Site information
- Controlled by: Michigan Army National Guard
- Website: minationalguard.dodlive.mil/camp-grayling/

Location
- Camp Grayling Location within Michigan
- Coordinates: 44°38′4″N 84°46′21″W﻿ / ﻿44.63444°N 84.77250°W
- Area: 147,000 acres (59,000 ha)

Site history
- Built: 1913

Garrison information
- Current commander: COL Lucas Lanzcy

= Camp Grayling =

Military training facility in Michigan, US

Camp Grayling is a military training facility located near Grayling, Michigan, United States, primarily in Crawford County, and spread over three counties.
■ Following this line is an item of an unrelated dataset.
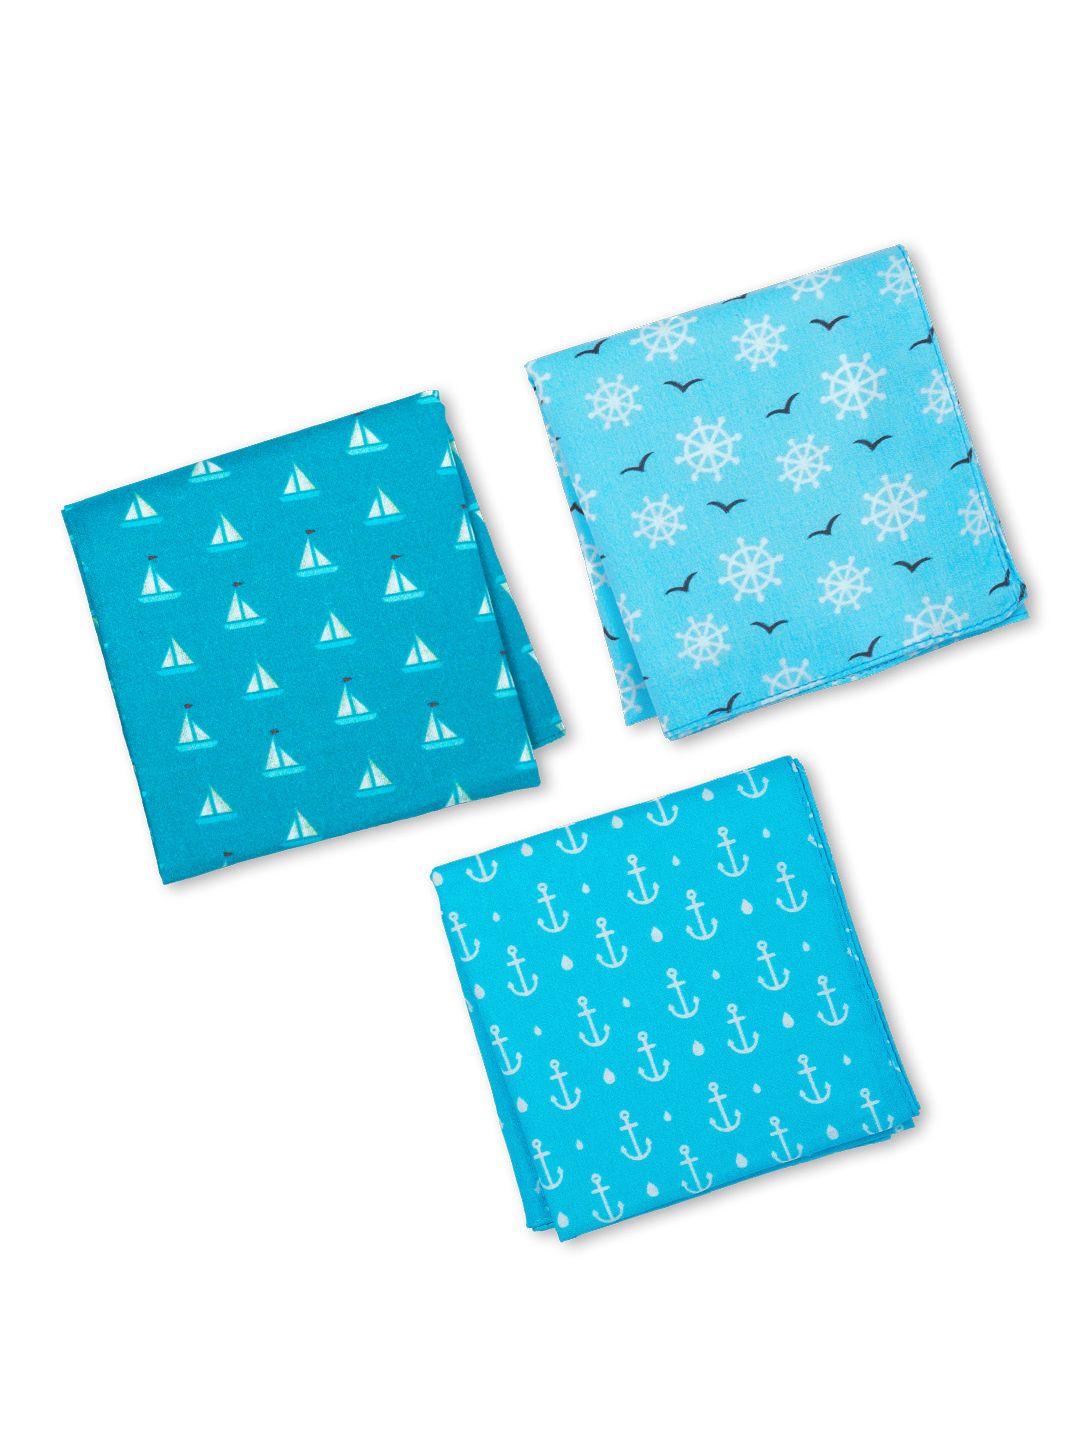 hexafun men pack of 3 blue printed pure organic cotton handkerchiefs

Camp Grayling is the main training facility for the Michigan National Guard and is the largest US National Guard training facility in the United States.

== History ==

Camp Grayling was founded in 1913 on an initial grant of land from Grayling lumber baron Rasmus Hanson to the state for military training. It includes 147000 acre in Crawford, Kalkaska and Otsego counties.
Troops first started training at Camp Grayling in 1914.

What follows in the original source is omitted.